I think that the Code B is the same as the Code A, right?
Code A
private fun bindCameraUseCases() {
val metrics = DisplayMetrics().also { viewFinder.display.getRealMetrics(it) }
...
}
Code B
private fun bindCameraUseCases() {
val metrics = DisplayMetrics()
viewFinder.display.getRealMetrics(metrics)
}
Yes, it is. What the also { } extension function does is perform actions defined in its block with the caller object as a parameter and return the caller.
val list = mutableListOf<Int>().also {
// the newly created empty `MutableList` is a parameter in this lambda
// and can be referred using the `it` identifier
it.add(1)
}
// is equivalent to
val list = mutableListOf<Int>()
list.add(1)
In this case, yes: your Code A and Code B do the same thing. Within the lambda, it refers to the object that also was called on (the newly-created DisplayMetrics instance); and that's also what's returned.
And to answer your implied question: yes, in this case using also probably doesn't have much benefit!
It's more useful in the middle of a complex expression or return value, e.g.:
private fun getMetrics()
= DisplayMetrics().also{ println("Created metrics: $it") }
instead of:
private fun getMetrics(): DisplayMetrics {
val metrics = DisplayMetrics()
println("Created metrics: $metrics")
return metrics
}
Here it avoids an explicit local value, references to it, and an explicit return; once you're used to the idiom, it's simpler to read as well — especially when it's used for something like logging that's not part of the main program logic.
Kotlin's scoping functions (also, apply, let, run, with) can be a big confusing, but this page explains them fairly well.
I wish to have a good example for each function run, let, apply, also, with
I have read this article but still lack of an example
All these functions are used for switching the scope of the current function / the variable.
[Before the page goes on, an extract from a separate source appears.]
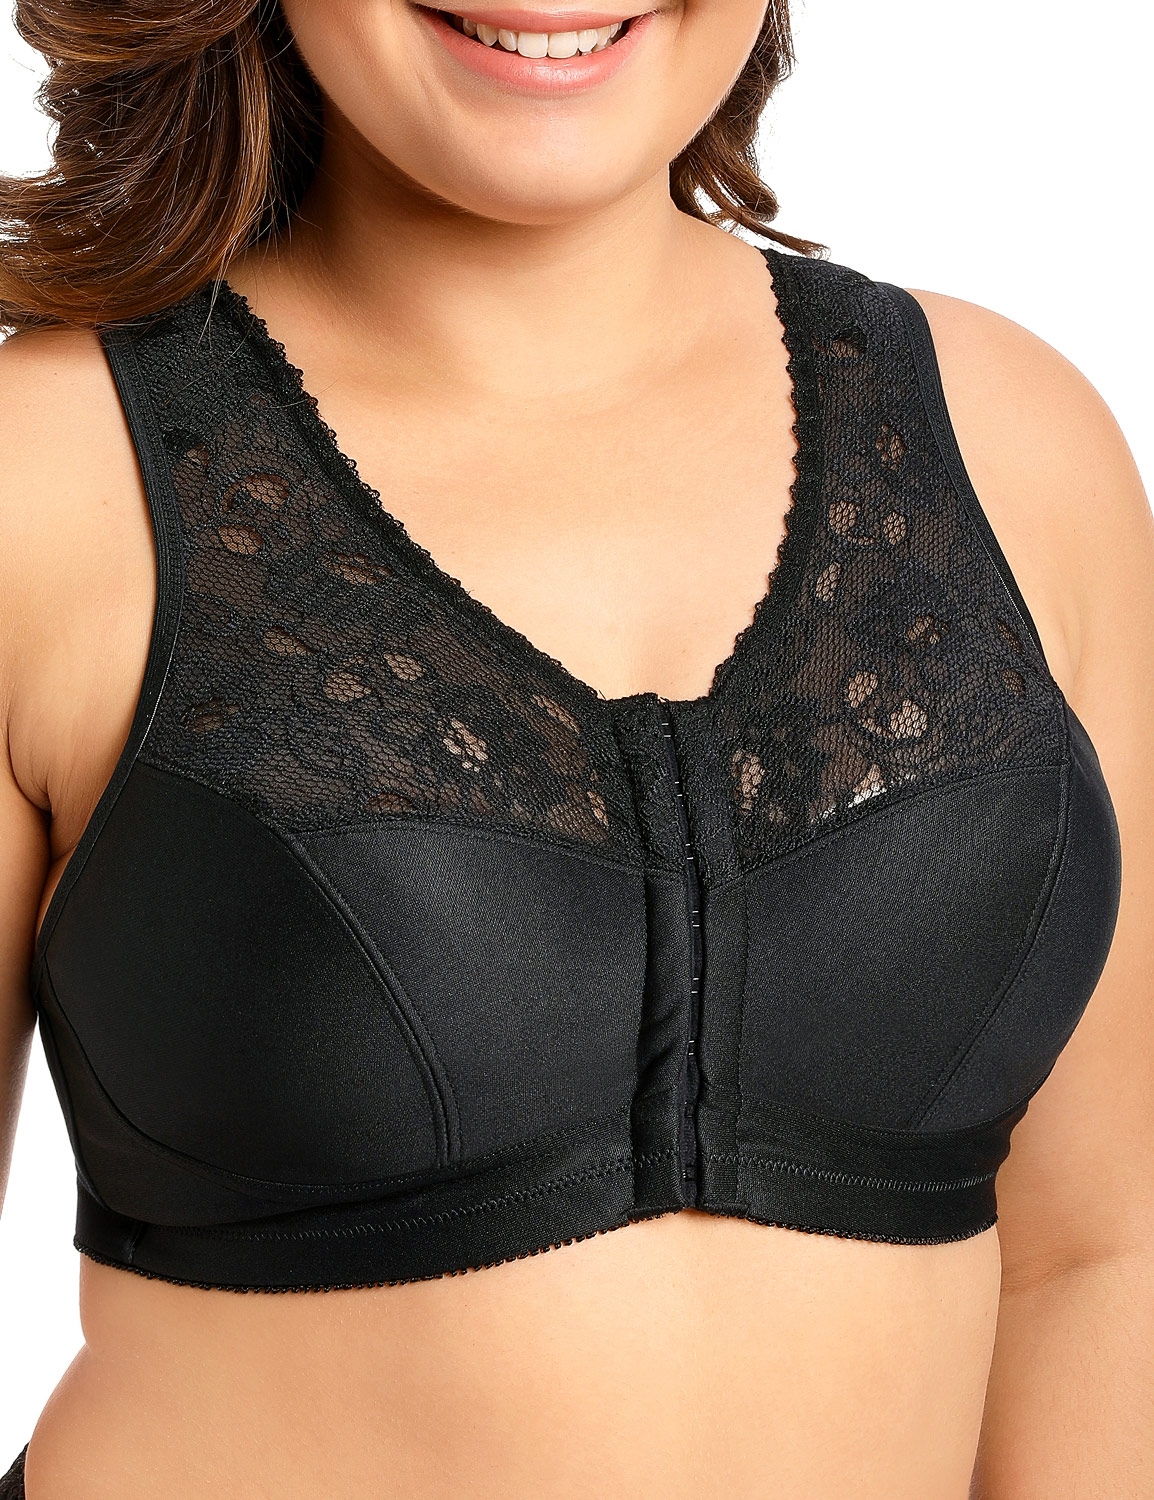 Women's Front Closure Bra Full Cup Wirefree Racerback Lace Plus Size

They are used to keep things that belong together in one place (mostly initializations).
Here are some examples:
run - returns anything you want and re-scopes the variable it's used on to this
val password: Password = PasswordGenerator().run {
seed = "someString"
hash = {s -> someHash(s)}
hashRepetitions = 1000
generate()
}
The password generator is now rescoped as this and we can therefore set seed, hash and hashRepetitions without using a variable.
generate() will return an instance of Password.
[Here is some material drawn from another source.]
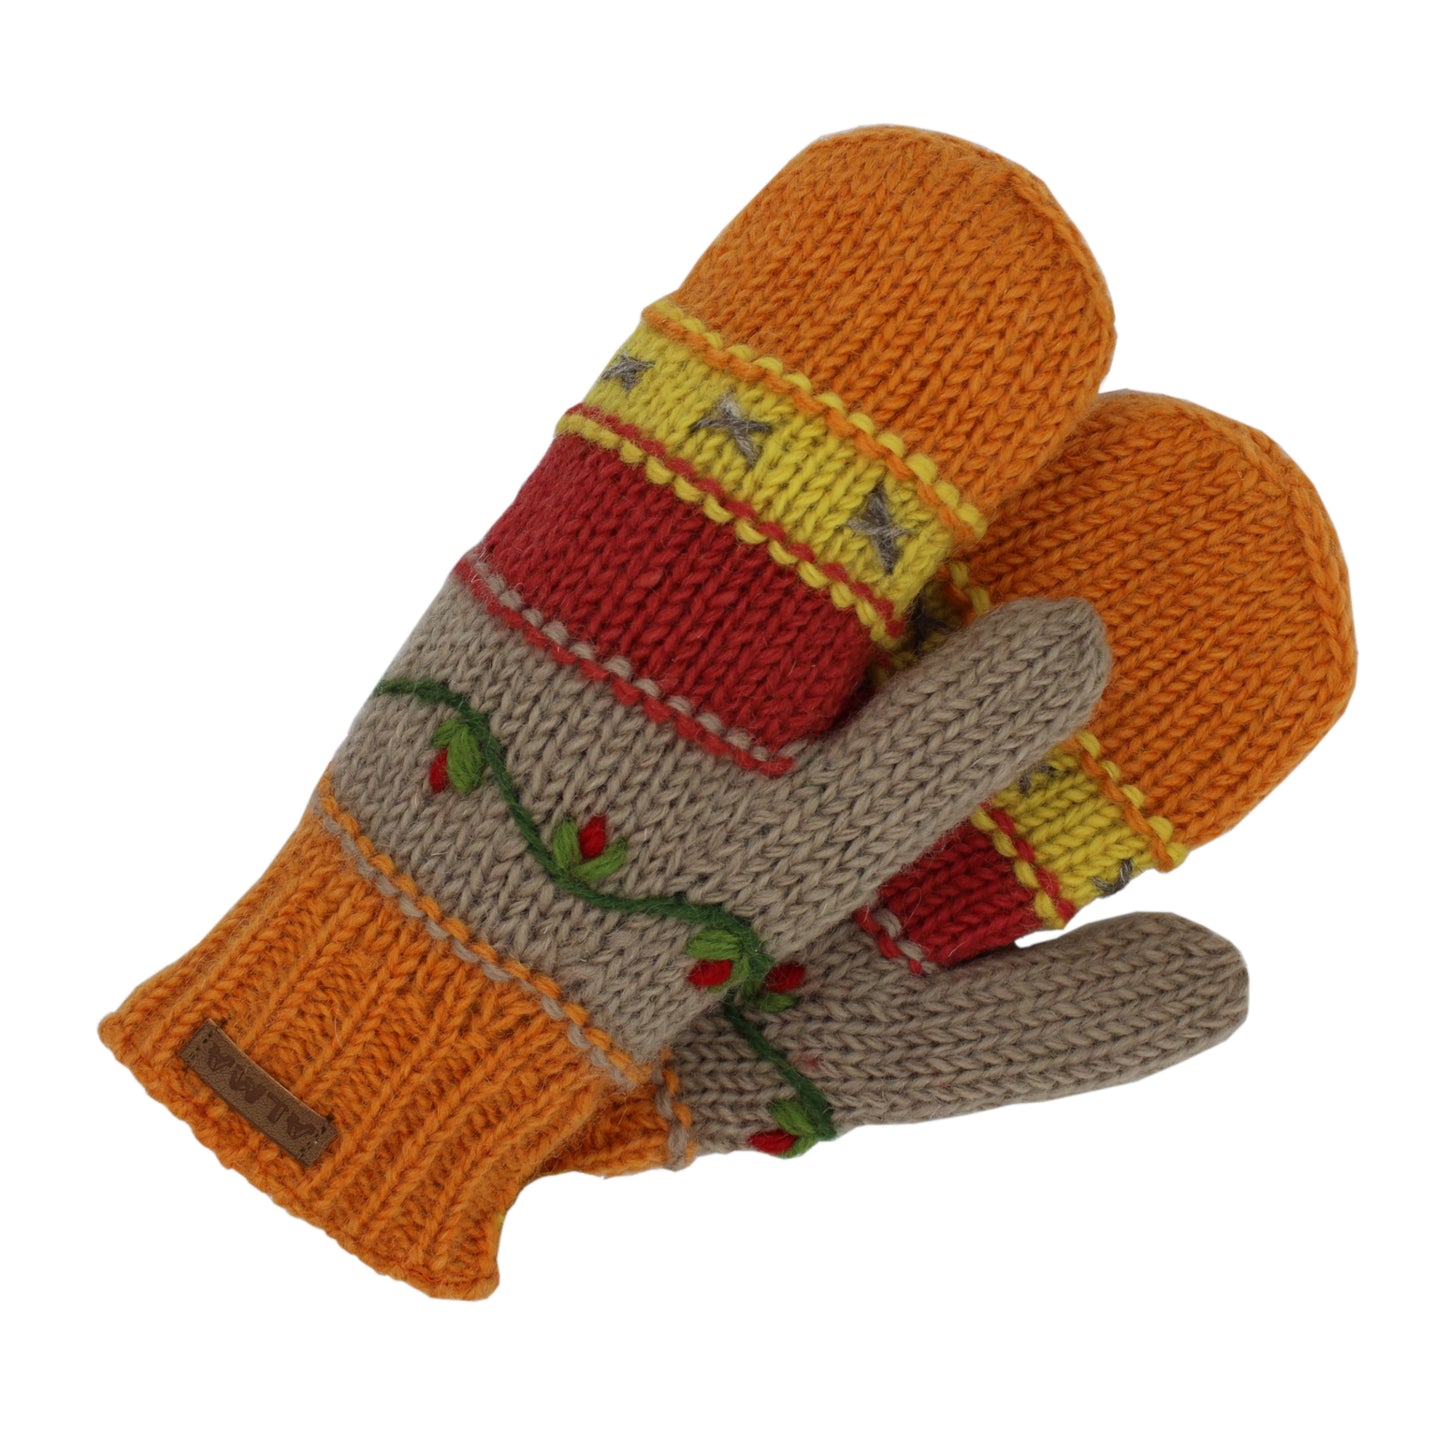 Striped Embroidered Mitts

apply is similar, but it will return this:
val generator = PasswordGenerator().apply {
seed = "someString"
hash = {s -> someHash(s)}
hashRepetitions = 1000
}
val pasword = generator.generate()
That's particularly useful as a replacement for the Builder pattern, and if you want to re-use certain configurations.
let - mostly used to avoid null checks, but can also be used as a replacement for run. The difference is, that this will still be the same as before and you access the re-scoped variable using it:
val fruitBasket = ...
apple?.let {
println("adding a ${it.color} apple!")
fruitBasket.add(it)
}
The code above will add the apple to the basket only if it's not null. Also notice that it is now not optional anymore so you won't run into a NullPointerException here (aka. you don't need to use ?. to access its attributes)
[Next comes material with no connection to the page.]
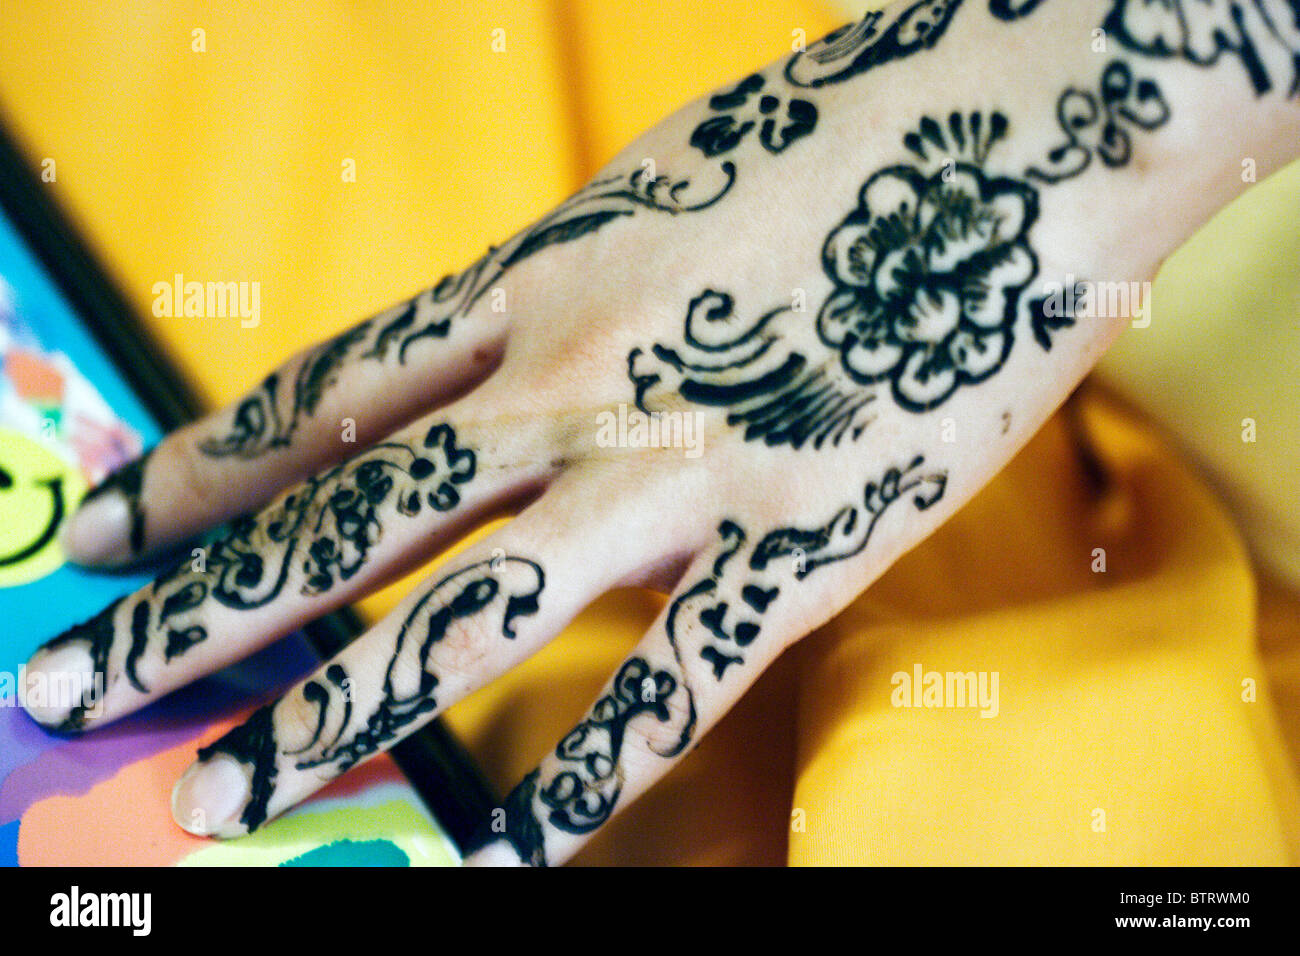 Young Muslim bride-to-be has elaborate henna designs painted on her ...

also - use it when you want to use apply, but don't want to shadow this
class FruitBasket {
private var weight = 0
fun addFrom(appleTree: AppleTree) {
val apple = appleTree.pick().also { apple ->
this.weight += apple.weight
add(apple)
}
...
}
...
fun add(fruit: Fruit) = ...
}
Using apply here would shadow this, so that this.weight would refer to the apple, and not to the fruit basket.
Note: I shamelessly took the examples from my blog
There are a few more articles like here, and here that are worth to take a look.
I think it is down to when you need a shorter, more concise within a few lines, and to avoid branching or conditional statement checking (such as if not null, then do this).
I love this simple chart, so I linked it here. You can see it from this as written by Sebastiano Gottardo.
Please also look at the chart accompanying my explanation below.
Concept
I think it as a role playing way inside your code block when you call those functions + whether you want yourself back (to chain call functions, or set to result variable, etc).
Above is what I think.
Concept Example
Let's see examples for all of them here
1.) myComputer.apply { } means you want to act as a main actor (you want to think that you're computer), and you want yourself back (computer) so you can do
var crashedComputer = myComputer.apply {
// you're the computer, you yourself install the apps
// note: installFancyApps is one of methods of computer
installFancyApps()
}.crash()
Yup, you yourself just install the apps, crash yourself, and saved yourself as reference to allow others to see and do something with it.
2.) myComputer.also {} means you're completely sure you aren't computer, you're outsider that wants to do something with it, and also wants it computer as a returned result.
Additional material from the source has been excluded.